Q&A on German elections: Who will Merkel lead with?
Written by Nardy Baeza Bickel
On Sept. 24, Germans will elect their new parliament, called Bundestag, which in turn will select a chancellor who needs 50.1 percent of Parliament’s support to govern. Chancellor Angela Merkel has led a so-called grand coalition since 2013 with a coalition of two parties, her own Christian Democratic Union/Christian Social Union and the rival Social Democratic Party.
Andrei Markovits is currently an Arthur F. Thurnau Professor and the Karl W. Deutsch Collegiate Professor of Comparative Politics and German Studies in the Department of Political Science and the Department of Germanic Languages and Literatures at the University of Michigan. He discussed the issues affecting the 2017 Federal Election in Germany.
Q: Has the presidency of Donald Trump helped or hurt the chances of right-wing European parties to get elected?
Markovits: Trump has become such a boogey man. He’s such a negative example that he’s become a burden for the European right. I’m absolutely convinced that in the Austrian presidential election the progressive candidate Alexander Van der Bellen defeated his right-wing rival because of the Trump effect and am virtually convinced that Marine Le Pen lost as big as she did—she would have lost anyway—because she was identified with Trump.
I am also convinced that in some ways the AfD (Germany’s right-wing party, Alternative for Deutschland) has also suffered the Trump negativity. People just hate him, including the right, because he is so unspeakably weird. It’s not even the content of his policies. I mean, partly it is the content of his policies, but most important it’s his whole package, his whole persona, the whole of what he has brought that people are just appalled by.
He is the epitome of American uncouthness and that people can openly campaign against and want nothing to do with. The AfD and the European far right has a Trump problem and that’s one of the reasons its support has declined.
Q: Has that rejection of Trump fueled support for Angela Merkel across Europe?
Markovits: It’s funny because Angela Merkel is one of the few German politicians that loves the United States and was always very Atlanticist.

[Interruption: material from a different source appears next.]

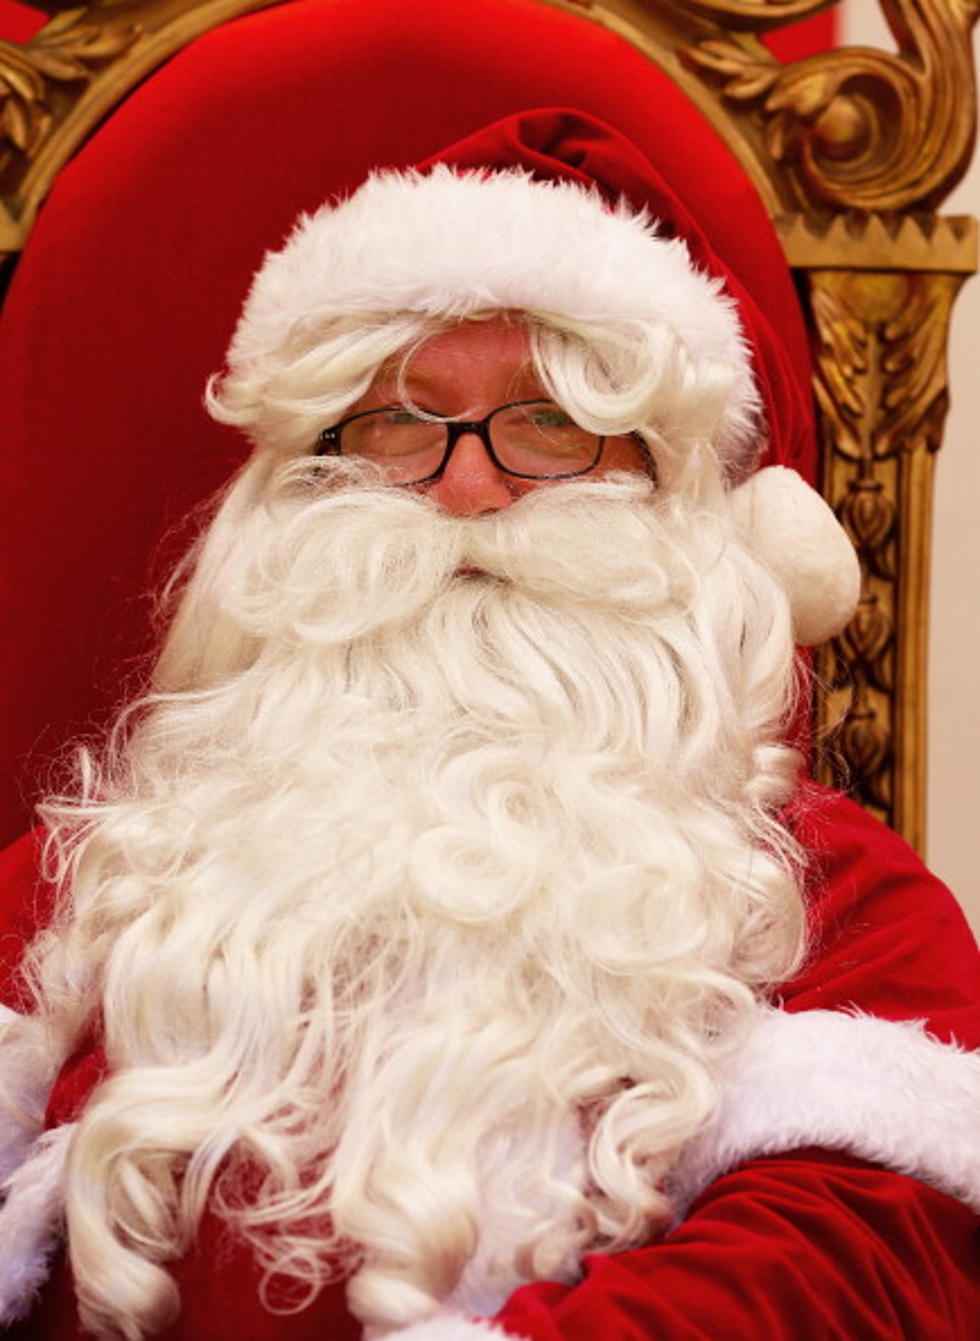 Santa Land Opens with New Attractions [Audio]

And to her this is horrible, she wouldn’t want this cooling of trans-Atlantic relations. She has become ‘faute de mieux’ the West’s leader, a leader despite herself. She didn’t want this. But there is no question that Trump has become such a liability that Merkel has entered this vacuum and assumed the mantle of leadership for two reasons: Germany is clearly far and away the dominant power in Europe; and Merkel is the only adult in the room.
Q: Does Merkel need to worry whether she will win the election?

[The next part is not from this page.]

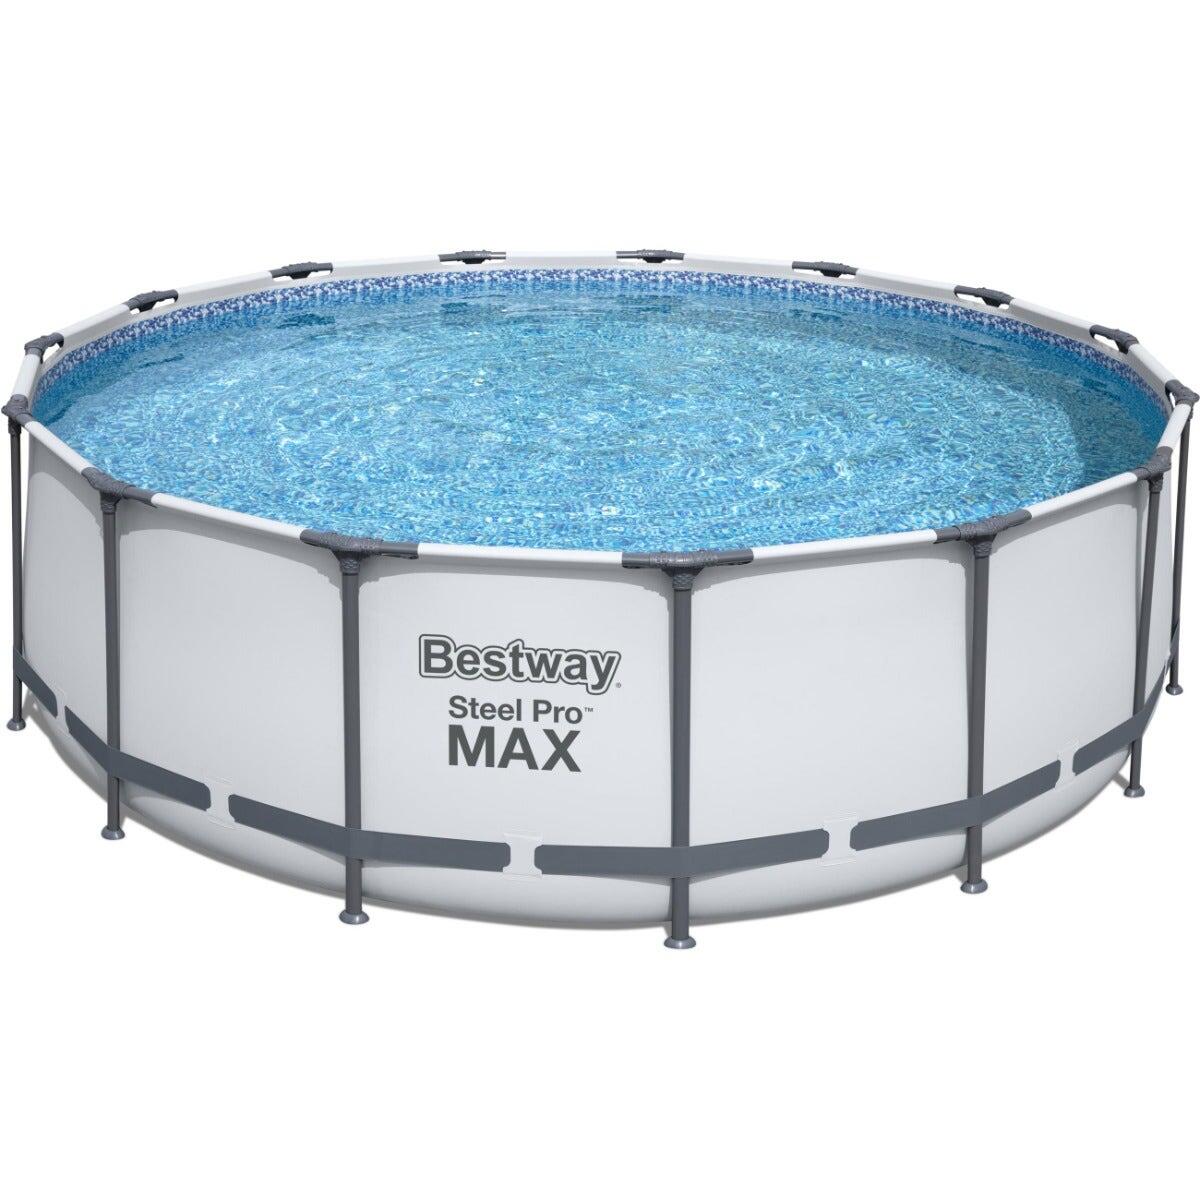 Bestway 15ft x 48" Steel Pro MAX Round Above Ground Swimming Pool 1/7

Markovits: In Germany, the switches in government happen by virtue of coalition partners switching, not by voters voting for or against certain parties. Only twice in the history of the Federal Republic of Germany have governments changed by dint of the voters’ decisions at the ballot box. All other changes have occurred by dint of parties switching coalition partners with none being more fickle and crucial than the FDP which failed to get the necessary 5 percent nationwide to enter the Bundestag in 2013 but which will most assuredly return to the parliament this time around.
But the FDP was the kingmaker in a two-and-a-half party system which, in the meantime, has morphed into a six-party system. And because of that there’s a lot of volatility as to who will form the next coalition. That’s the only question here. There’s no question that Angela Merkel will win, it is only a question of by how much. At the moment, she’s getting 37, 39 percent. Clearly she needs a coalition partner or partners.
Q: Are there any hot-button issues we should pay attention in the German election?
Markovits: There’s a great saying in German: “Die suppe wird nicht so heiß gegessen wie gekocht,” the soup is not eaten as hot as it’s made. This is very, very important for post-War War II German politics. When it comes to elections, things cool off. The German voter doesn’t want extremes. The German voter kind of said we’ve had enough extremes in the 20th century, thank you very much. We will go with the true and tried and the trusted. After all, things are very good in Germany, it’s still a very rich country.
I think this is a cake walk for Angela Merkel. It will be amazing when she wins, and when she forms a government she will equal Chancellor Helmut Kohl’s 16 years in this leadership position and surpass Konrad Adenauer’s 14 in her longevity. Only the venerable Otto von Bismarck will have served as Germany’s chancellor for a slightly longer period than Angela Merkel will have when everything is said and done. This is amazing. She’s a fascinating story.